The key is to understand your own anatomy prior to anal play in order to mitigate your risk. We speak all the time about using toys to explore safely and to develop an understanding of your own capacity to accept things anally. With gradual dilation, both the skin and the muscle can open to the appropriate diameters. Remember: even though they are stacked on top of one another, the muscle and skin, that is, function independently. You may be fully able to open the skin to a fist size, though the underlying muscle simply cannot accommodate it or vice versa.
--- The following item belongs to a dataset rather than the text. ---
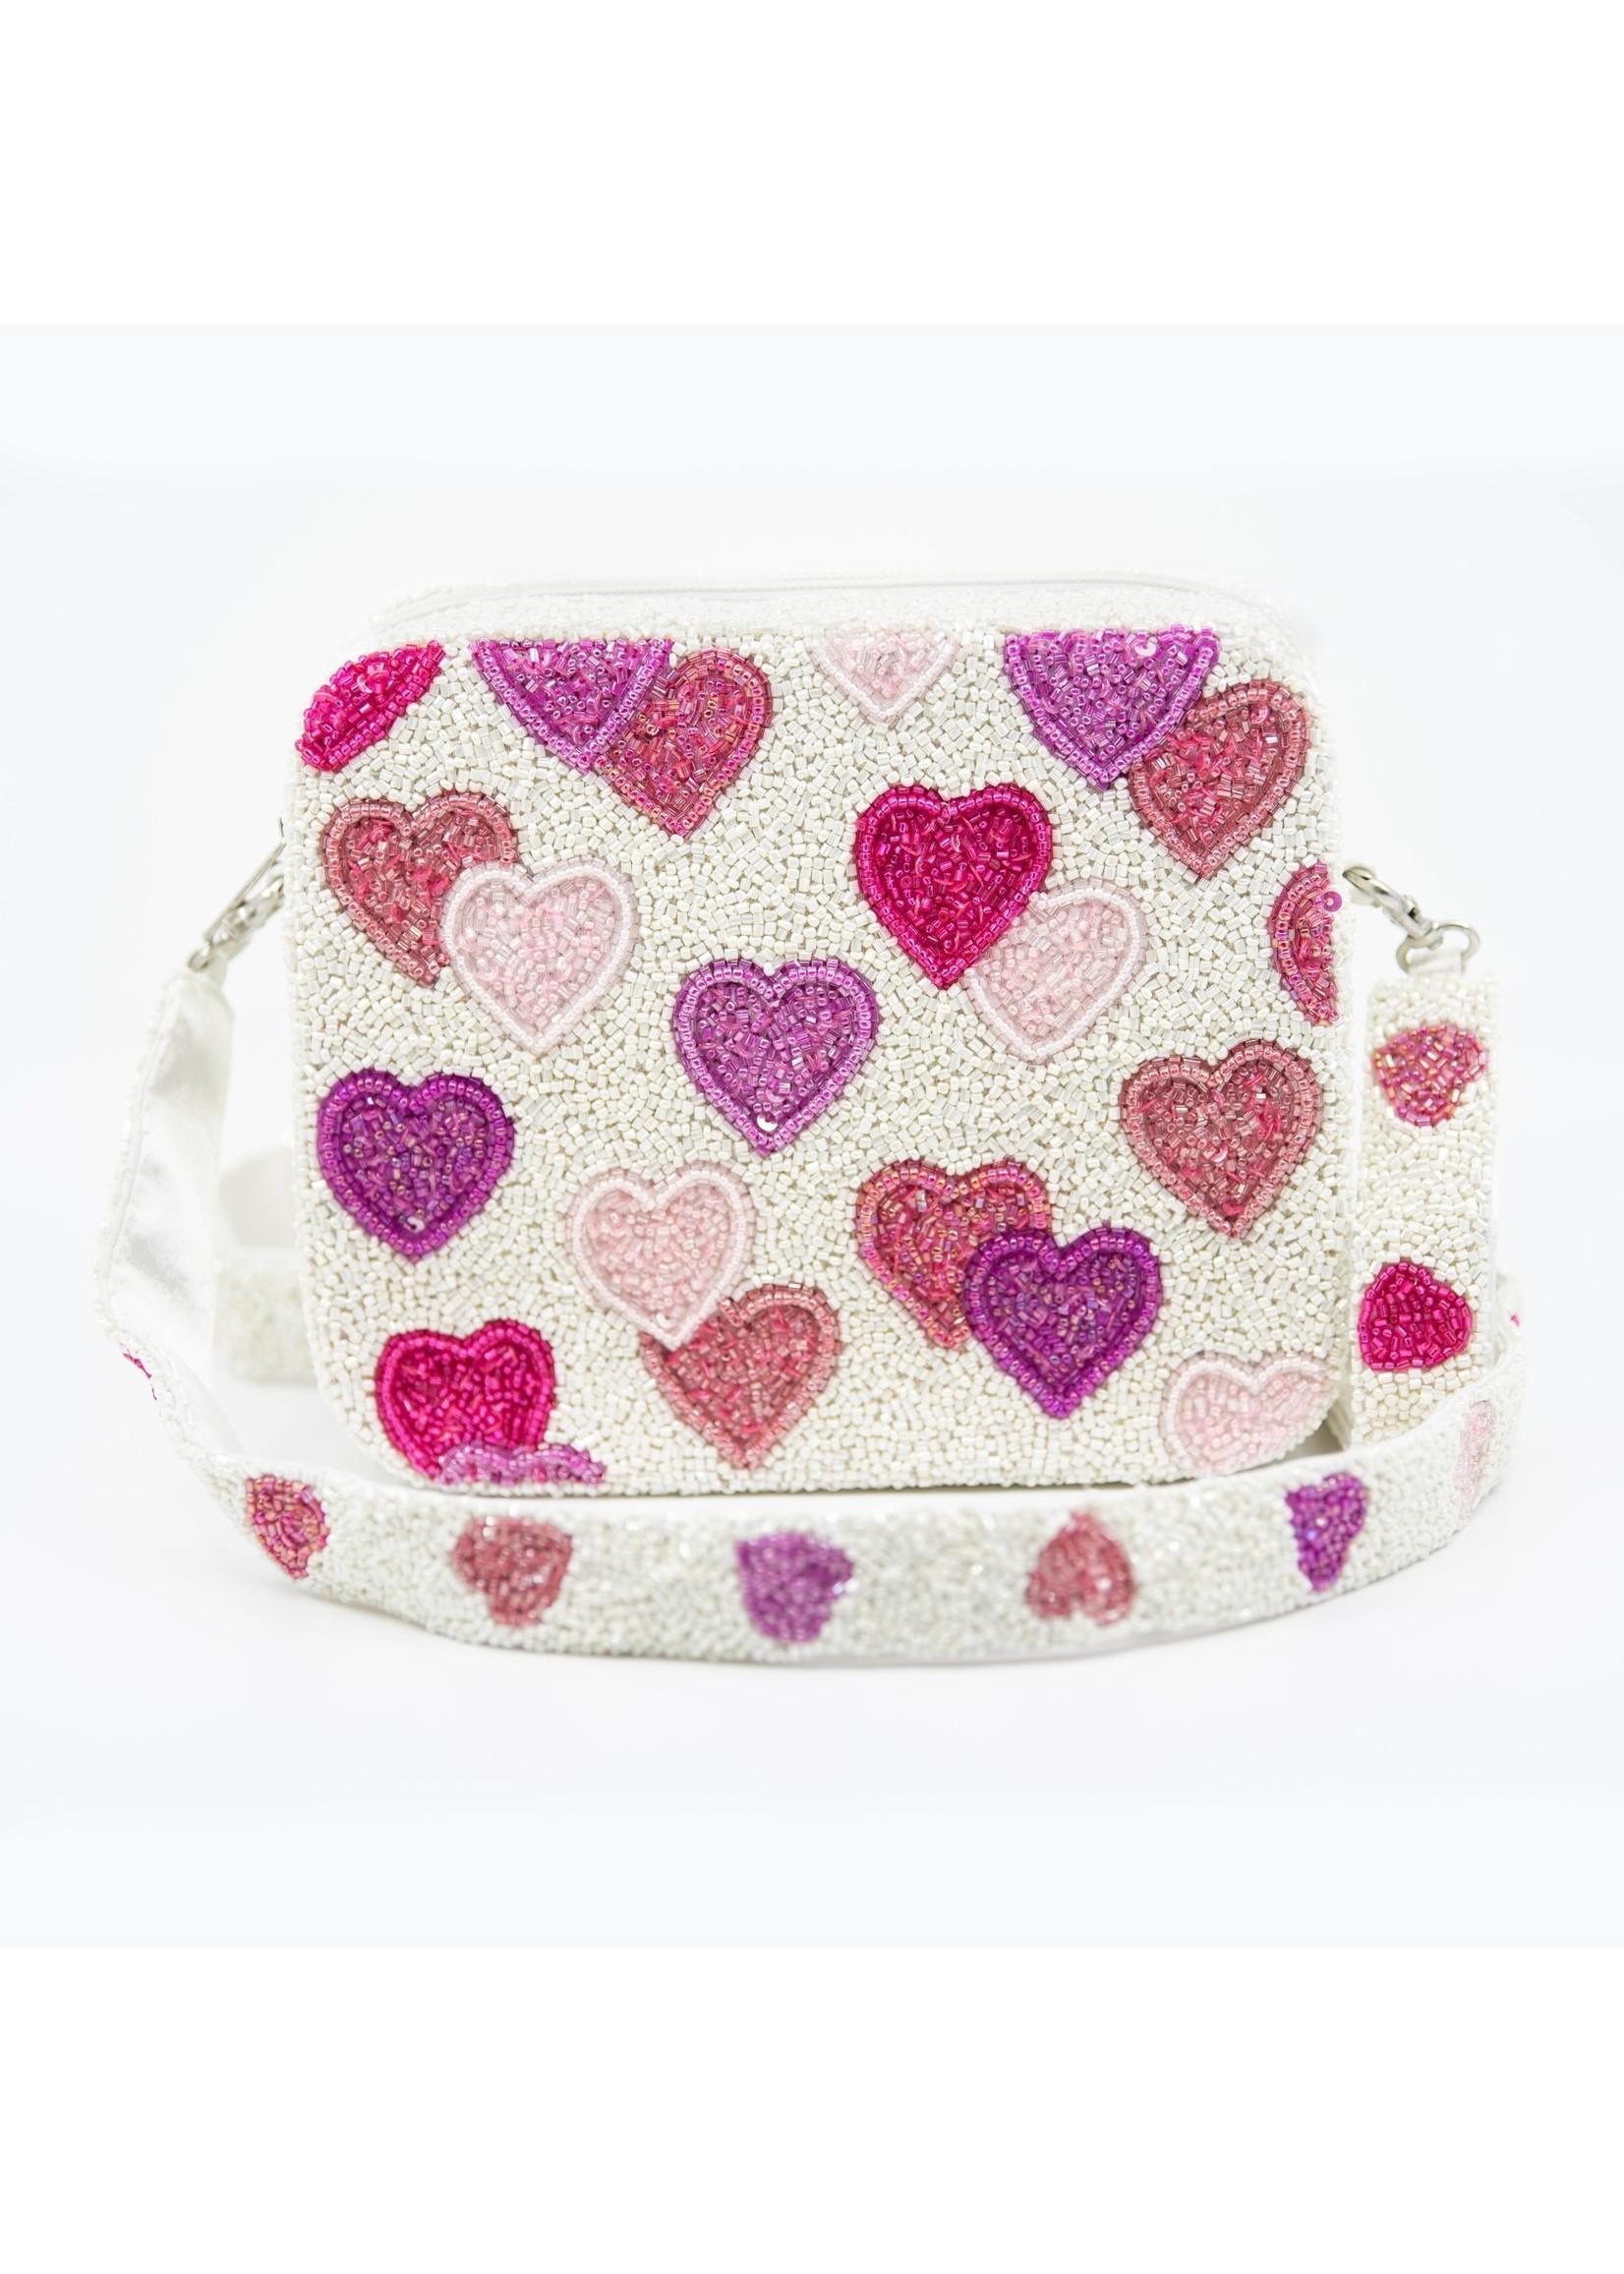 Tiana Designs White Hearts Purse
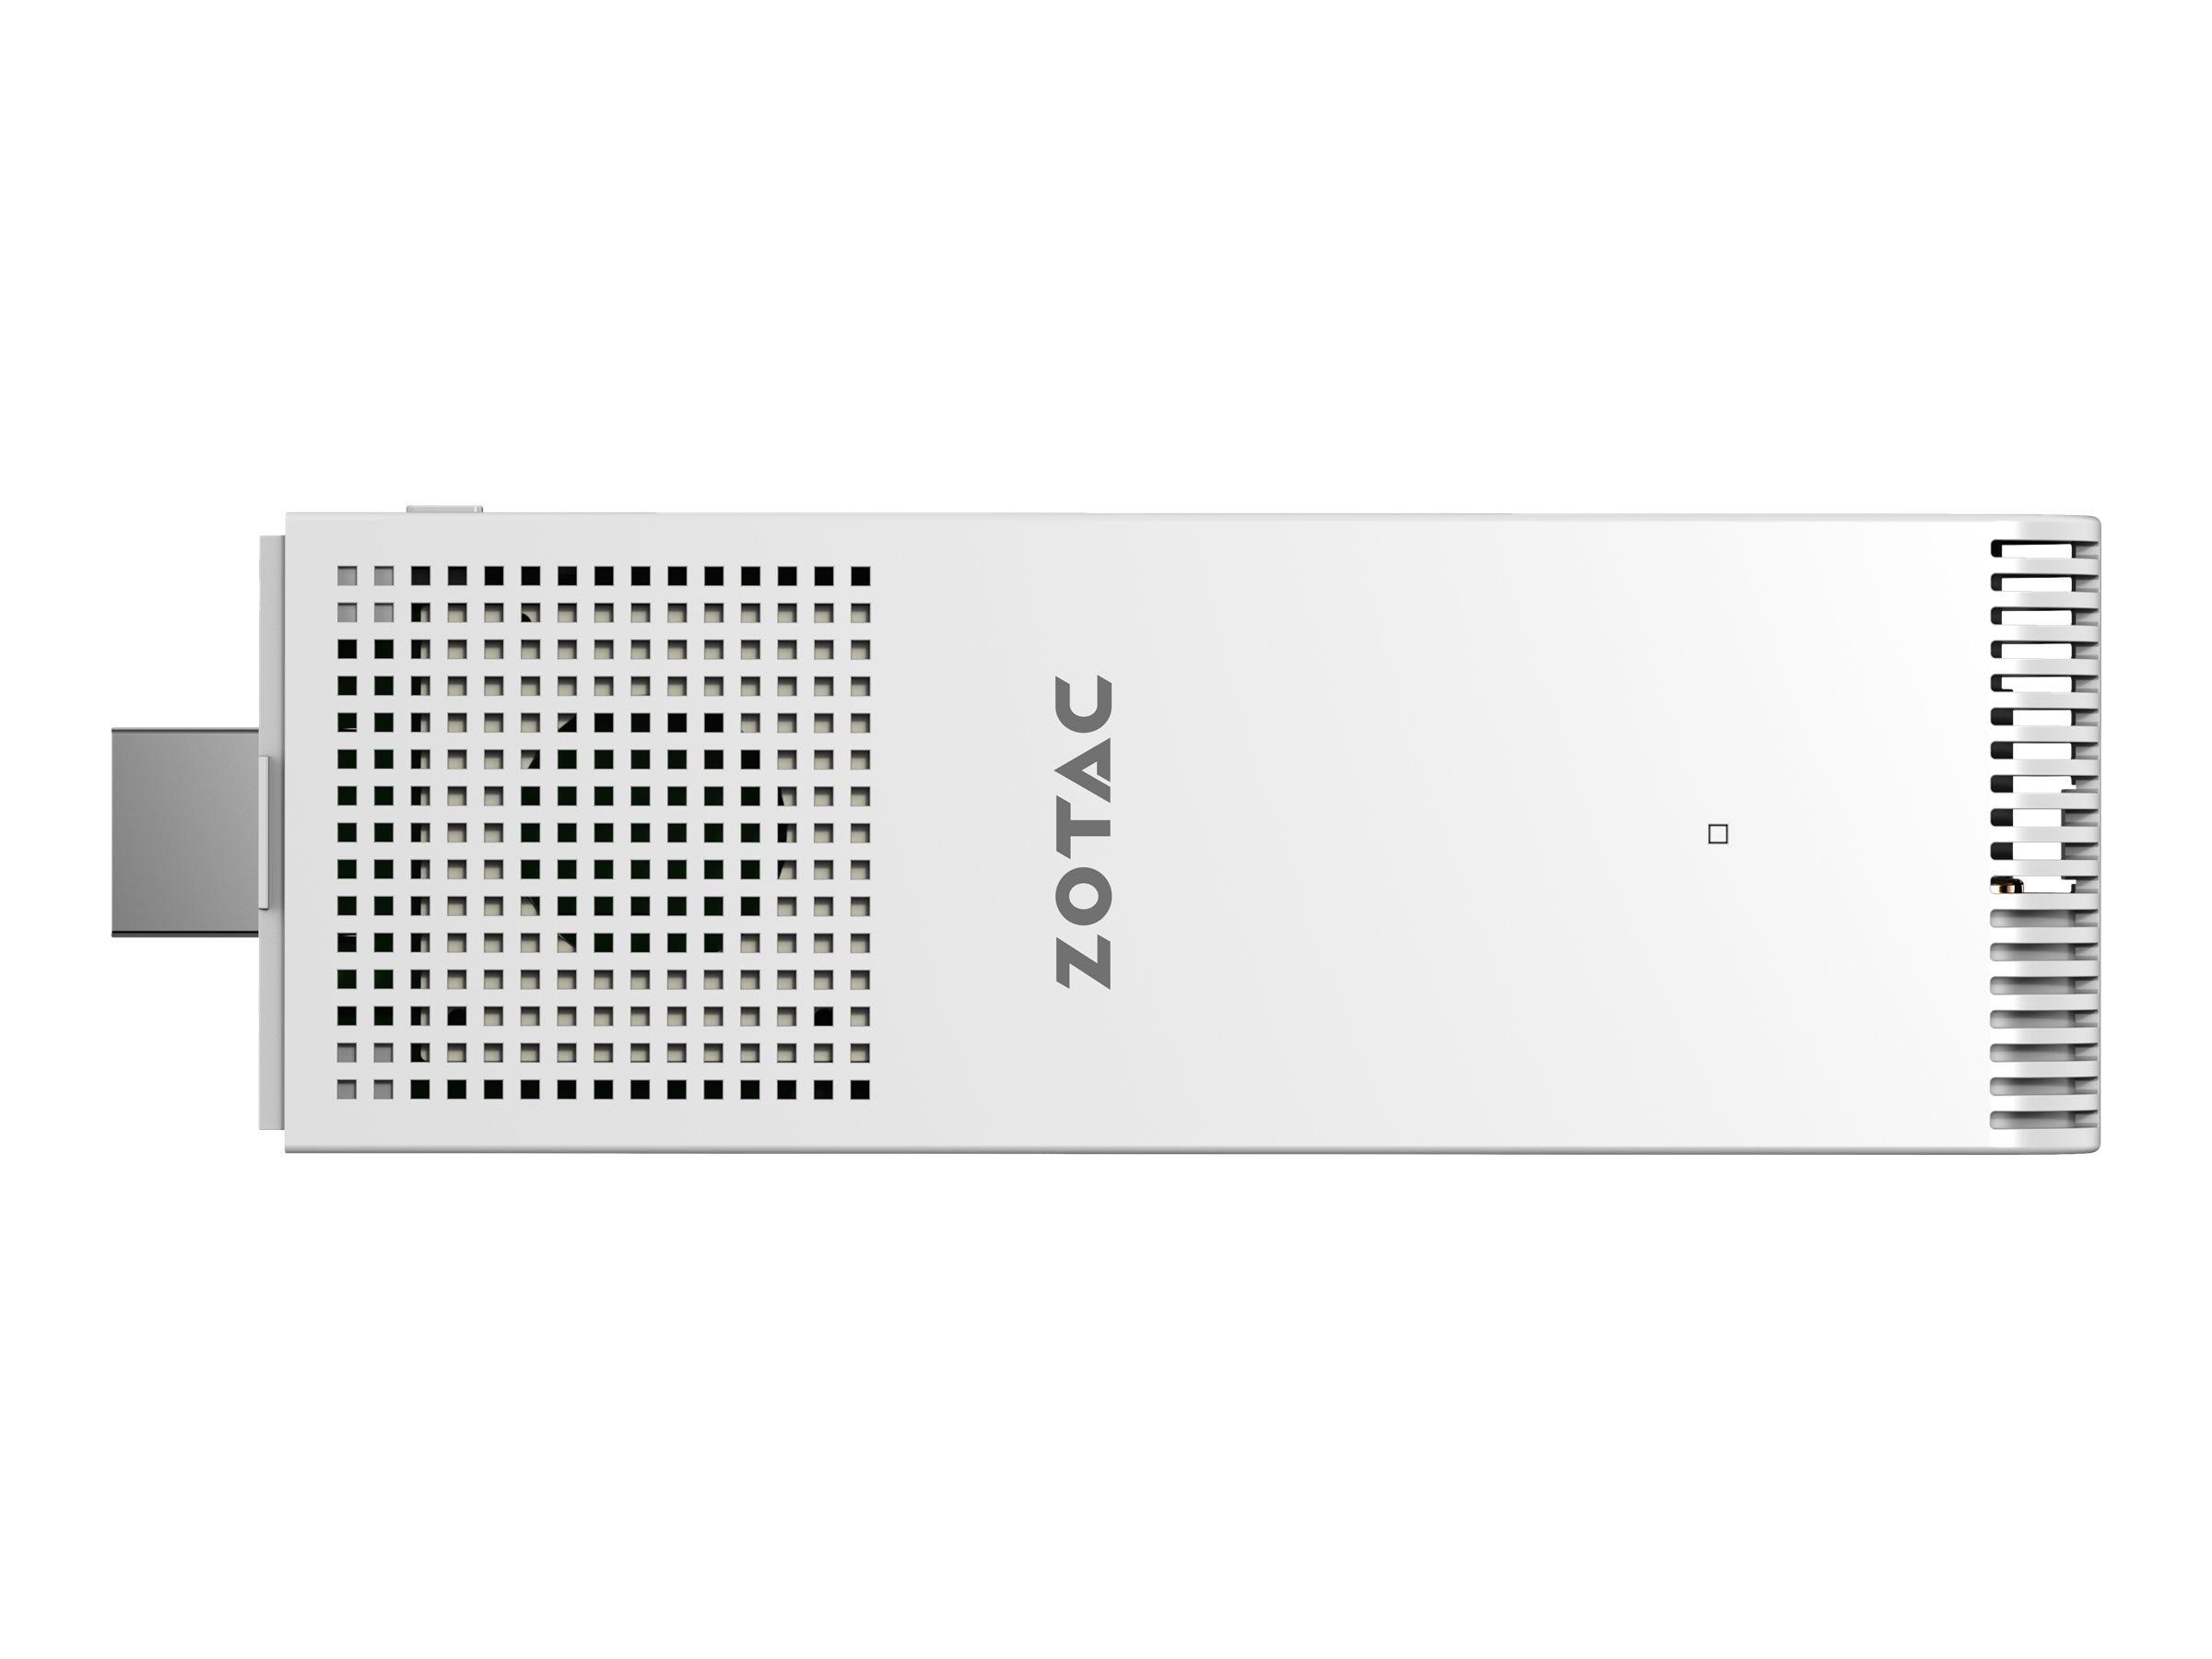 Zotac ZBOX-PI220-W2B Image 2

Successful engagements (more so minimizing anal fissures) stem from your mastery of not only your own anatomy, but also being able to analyze both successful and not-so-successful play routines. It’s totally a sport, and in order to get better, it requires practice, practice, practice! Through this play, your overlying skin gets tougher, allowing better elasticity and the underlying muscle to accommodate whichever size you desire. It’s not a hard concept; it just needs to be learned.

Full evaluation with the knowledge above leads to fruitful solutions and future engagements, whatever they may be.

Conclusion

Understanding anal fissures—what causes them, the symptoms they present, and how they can be treated and prevented—is essential for effective treatment and prevention. By recognizing early signs and knowing how to address them, you can help reduce the impact of these painful tears on your daily life.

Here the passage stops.